淮安王想到凌雾山庄的信,便提了几句,声音温和关切,“近来闲暇,你可想去山庄避暑?”
正好避避风头,最近有不少帖子递上来,邀小瓷赴宴,不外乎是打她做儿媳的注意,想让她们的儿子在小瓷面前好好表现。
甚至长公主还举办百花宴,邀了大多世家女子与世家夫人。
身处如今的位置,并不能像山庄时一样,喜欢便是喜欢,讨厌便是讨厌,即使不愿也不能表现出明显的排斥,更不能干脆利落地拒绝。
京城权贵颇多,他不可能全部拒绝,只能以其他理由不出席宴会。
洛瓷放下白瓷碗,“父王也会去吗?”
淮安王迟疑了片刻,而后摇摇头,“这次父王便不去了,由你替我向师兄师姐问好吧。”
他知道,皇上为了避免其他皇子及其势力争抢,近来泉丘郡大旱一事约摸会落在自己身上,他走不开。
那些个皇子没有特别出挑的能力,抢着去不过是为了表现,赈灾的银两不少,未免没人惦记,朝中能去的大臣不多,有的还受限于皇子身份。
事关百姓性命,赈灾之事马虎不得。
再者,往后还有时间,也不是见最后一面。
洛瓷悄悄注意父王的神色,心中微松。
看来父王暂时没有随母妃殉情的念头。
只是若是真到了这一日,她也没办法阻止。
所以她从来不在他面前表露出知道他心思的样子,也不会说些舍不得、不愿意他离开的话。
因为父王,已经独自等了许久了。
十几年来,一直孑然一身,默默忍受绵长不绝的隐痛,这样的孤寂感令人无法煎熬。
管家曾告诉过她,父王在许多个夜里,辗转难眠,夜里掌灯独自作画,又或是像以往山庄那般练剑,以此来打发孤寂荒凉的时间。
纵使这五年她同父王亲近了些,可她能做的并不多,没有人能代替母妃在父王心中的位置。
她温顺点头,“好。”
淮安王想到楚执,他知道女儿近两年和山庄那边来往不算多,想了想还是没有开口。
她很少有让他操心的事,许多事完全可以独立做出正确的判断与选择,她有自己的主意。
*
凌雾山庄。
一袭黑色锦衣的少年坐在书案前,拿着几份属下递来的信件观看。
年近十八岁,少年脸庞褪去了曾经的稚嫩,一双漆黑眼眸狭长锋锐,白皙精致的下巴透着冷淡,周身透着深不可测的气息,他越来越偏向上辈子那个月厂督主的性子了。

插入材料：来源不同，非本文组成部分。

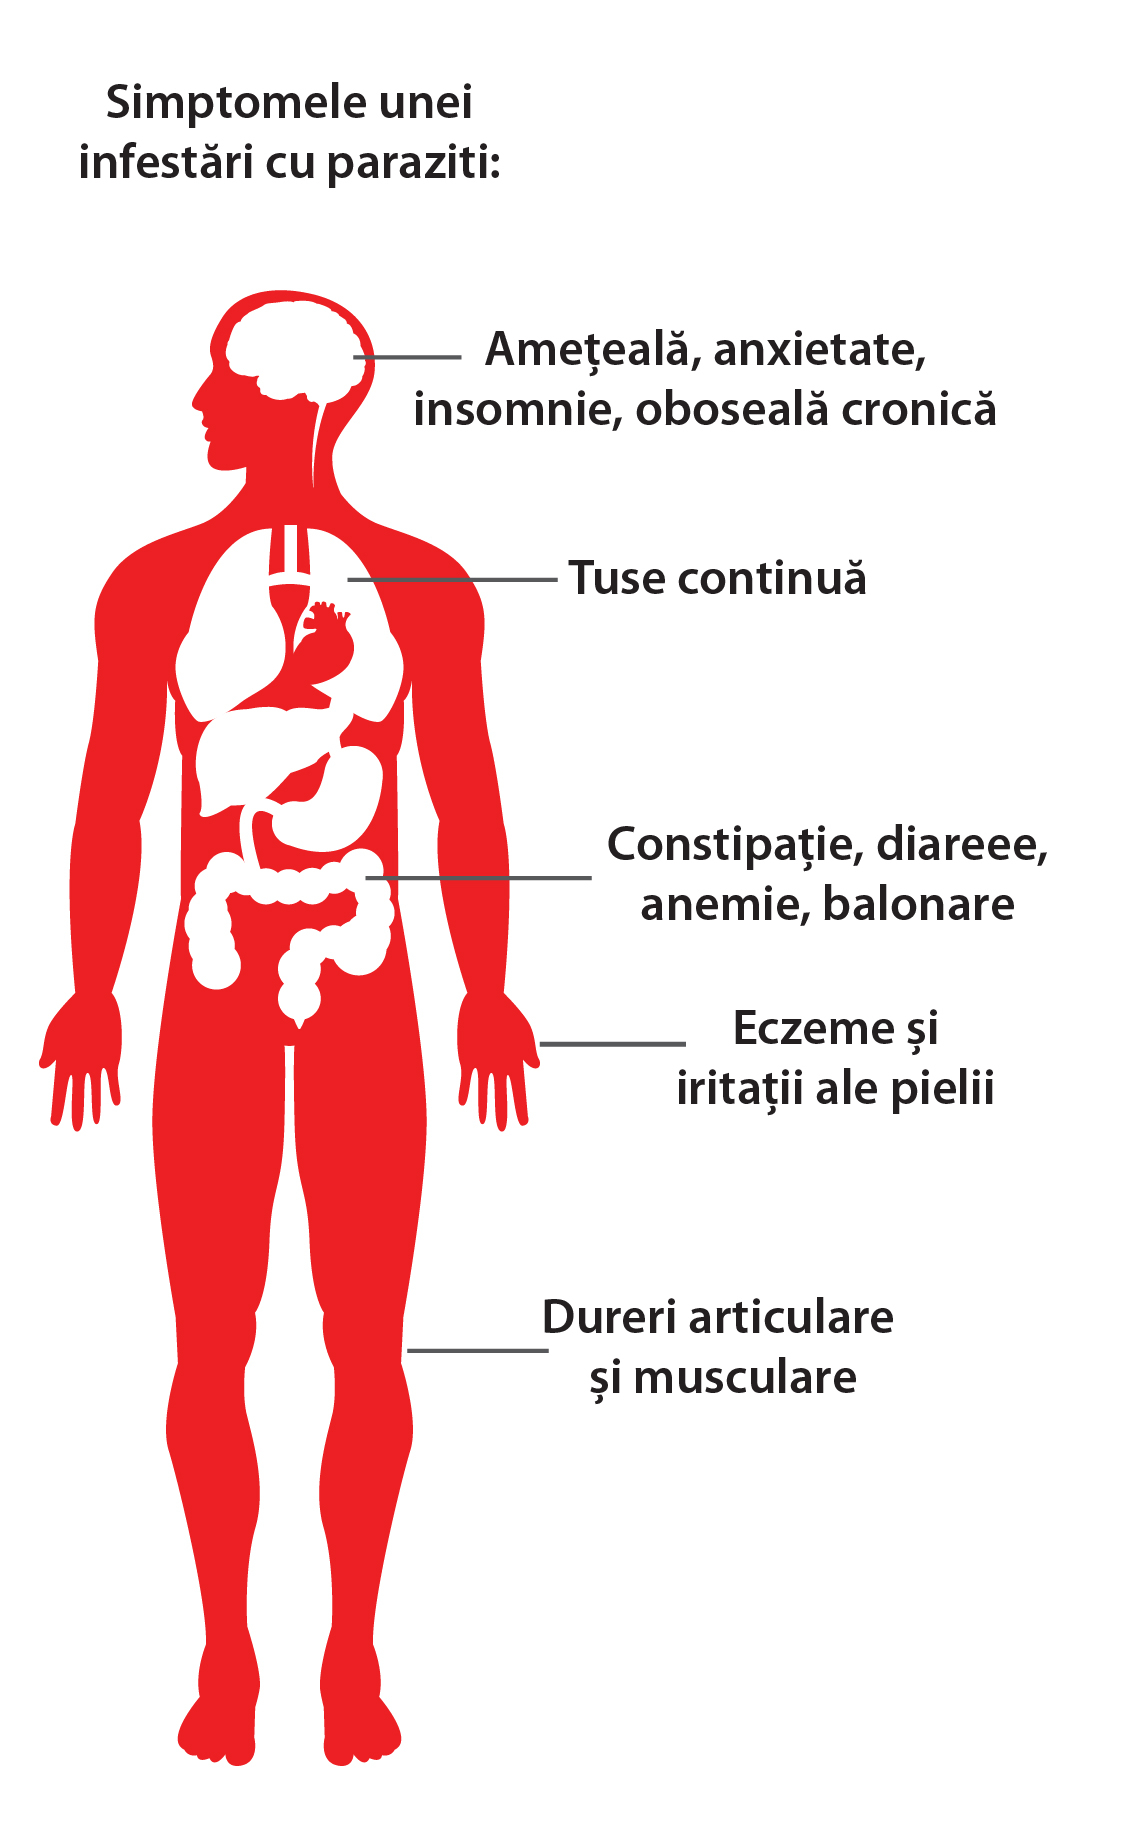 Dureri articulare și musculare cu paraziți

修长指尖忍不住捏紧了信件一角,信纸带着很明显的褶皱,昭示着主人的心绪不宁。
手指微蜷,他放下信,眸光微垂,慢慢抚向那枚墨玉。
上一次来信是什么时候呢?
好像是过年那会儿吧。
已经过去了三四个月了。
楚执鸦羽般的羽睫垂落,漆黑眸光望向书案上一个小木匣上,这是最近两年的信,也不过堪堪装了一半多。
和之前那三年相比,少了太多。
那一年,带着尚不明朗的心思,他近乎落荒而逃,他忍不住开始逃避,所以连带着写信次数越来越少。
可逃避的同时,却又渴望收到她的来信,忍不住给她写回信问她近况如何。
第596章月厂大人千岁21
因为山庄的叛徒一事,又许是其他心思作祟,楚执在外创建了一个情报组织,情报组织里的成员有部分山庄弟子,他们会时不时传递消息给自己。
加上他们消息灵通,慢慢发展起了售卖消息的生意,以此获取了比较可观的钱财。
他们不再只是神秘的江湖势力,神秘并不代表强大,凌雾山庄的神秘在于老庄主布下的玄术之阵,也在于山庄弟子鲜少入世。
强大或许之前是有一些,但自叛徒事件过后,实力大减,也算不上什么了。
现在的山庄与从前的不可同日而语。
包括京城的消息,他都能知道得一清二楚。
楚执已经基本掌权山庄,楚庄主和楚夫人乐得清闲,若不是见自家儿子迟迟未遇见喜欢的女子,他们早就在江湖上闲逛了。
对此,楚夫人简直是恨铁不成钢,她还以为儿子是喜欢小师弟的女儿,前些年来信频繁让他们很是高兴,谁知这两年关系就变淡了,不过做父母的也不好过多参与,他已经具备为自己选择负责的能力。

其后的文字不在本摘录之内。